J'ai à peu près la même configuration que toi, à savoir un vieil imac qui fait office de server plex, une freebox revolution des ipad pour lire le contenu et une aTV 2 jailbreaké.
J'ai aussi une TimeCapsule.

Je ne pense pas que la timcapsule (ou un airport extreme) résolve tes problème de vitesse wifi.
Que ce soit le wifi de la freebox (je pense avoir bien réglé le wifi pour qu'il soit en N) ou le wifi de la timecapsule, je ne constate pas de différence de vitesse. 

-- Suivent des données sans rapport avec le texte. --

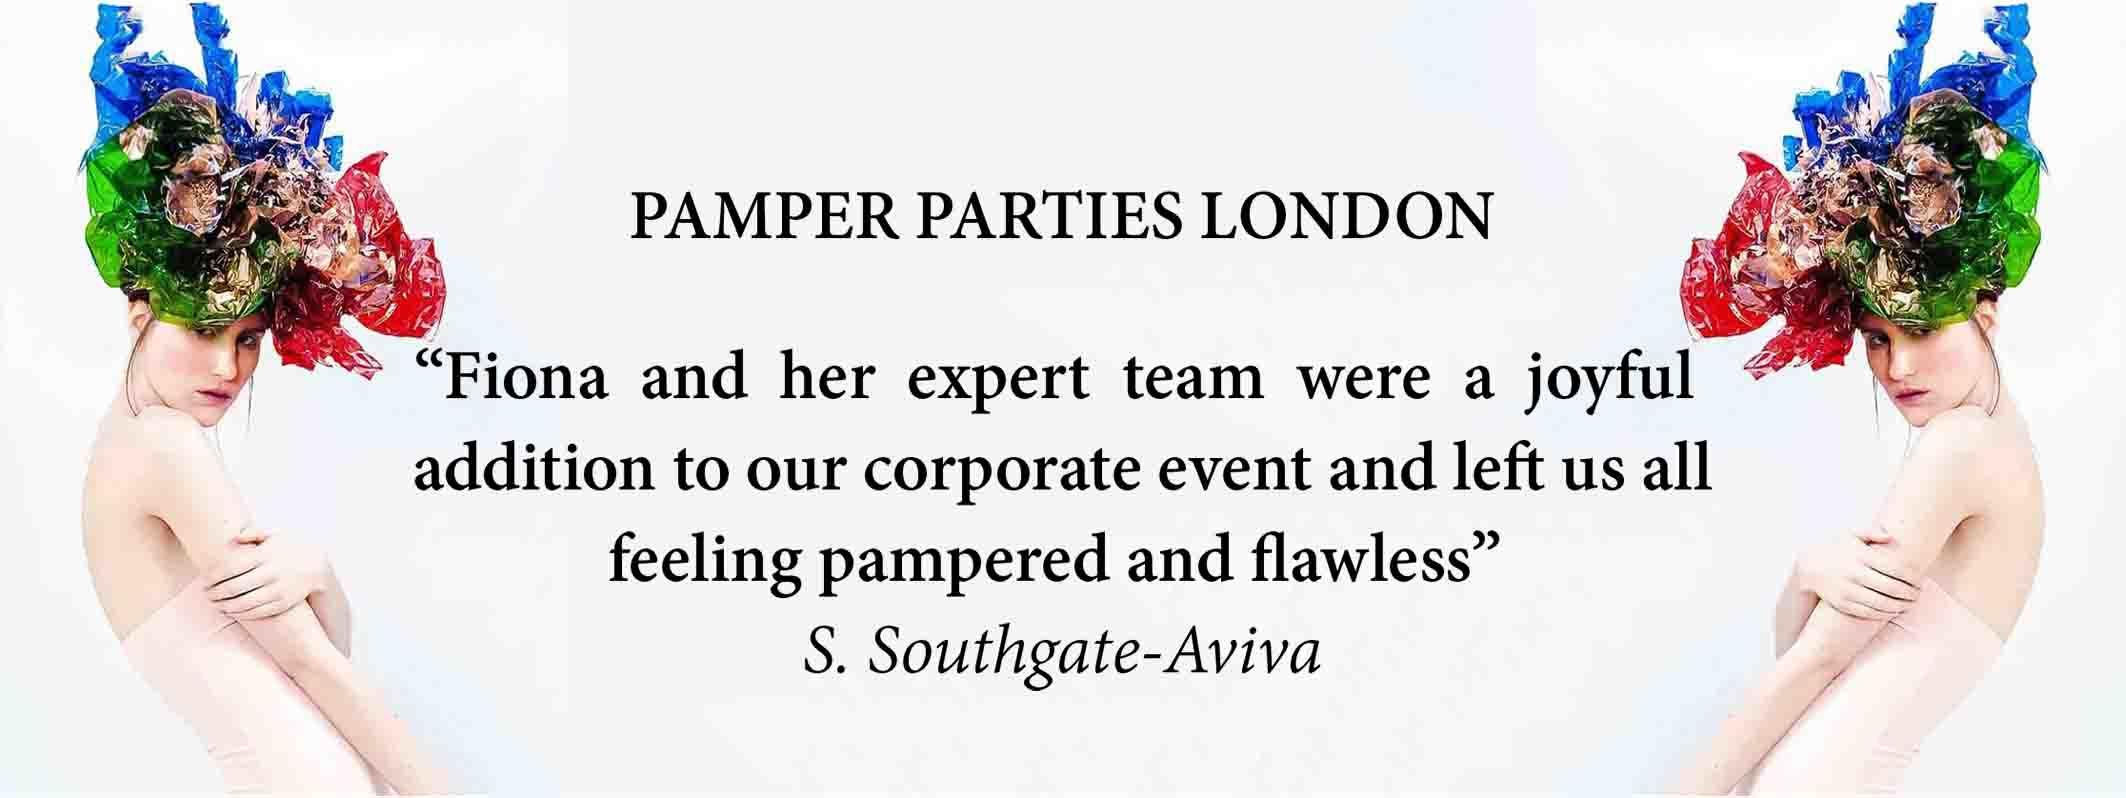 PAMPER PARTIES IN SOUTH EAST LONDON AT FTMAKEUP SPLASH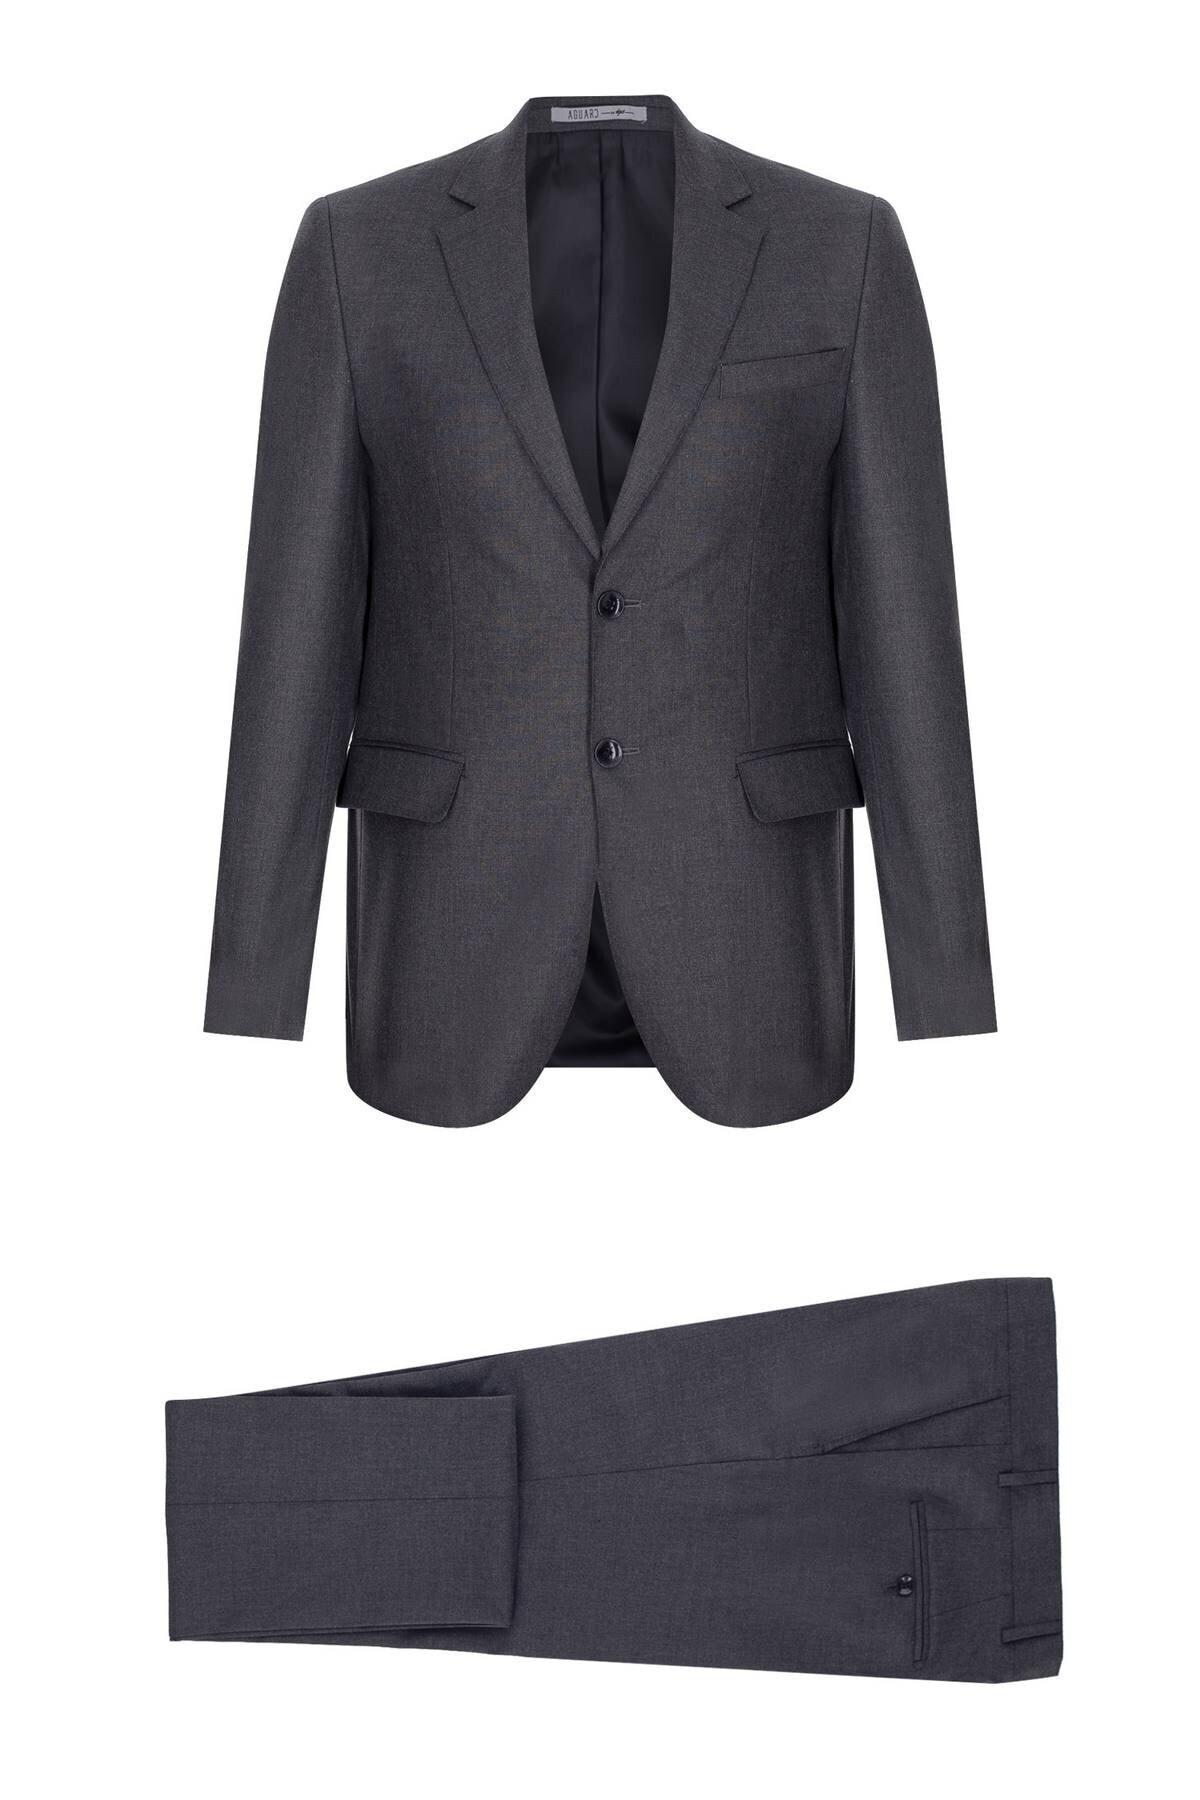 İgs Erkek Füme Regularfıt / Rahat Kalıp Std Takım Elbise 1

On dirait que , comme tu le dis, ta solution est de brancher en cpl ton imac.
Tu n'auras cependant toujours pas de wifi à coté de ton imac. A ce moment là tu peux envisager une timecapsule ou un airport extreme qui servira de switch entre le boitier cpl et l'imac tout en émettant du wifi pour tes idevices. 

Salutations.


----------



## Tuncurry (26 Octobre 2013)

tomtommac a dit:


> ... être capable d'utiliser les capacités AirPlay de la freebox (musique, photos de puis l'iPad pex)
> - être capable de voir les vidéos (y compris HD) de ma bibliothèque Plex sur ma télé branchée sur le Freebox Player




A noter, depuis la dernière release Free (sur Revolution) qu'il n'y a plus besoin d'add on pour relire les vidéos ou avoir un bureau étendu ou recopie Airplay depuis son Mac ou iDevice. La Freebox est totalement compatible Airplay, ce qui rend l'utilisation d'une AppleTV plus nécessaire pour ces fonctions.


----------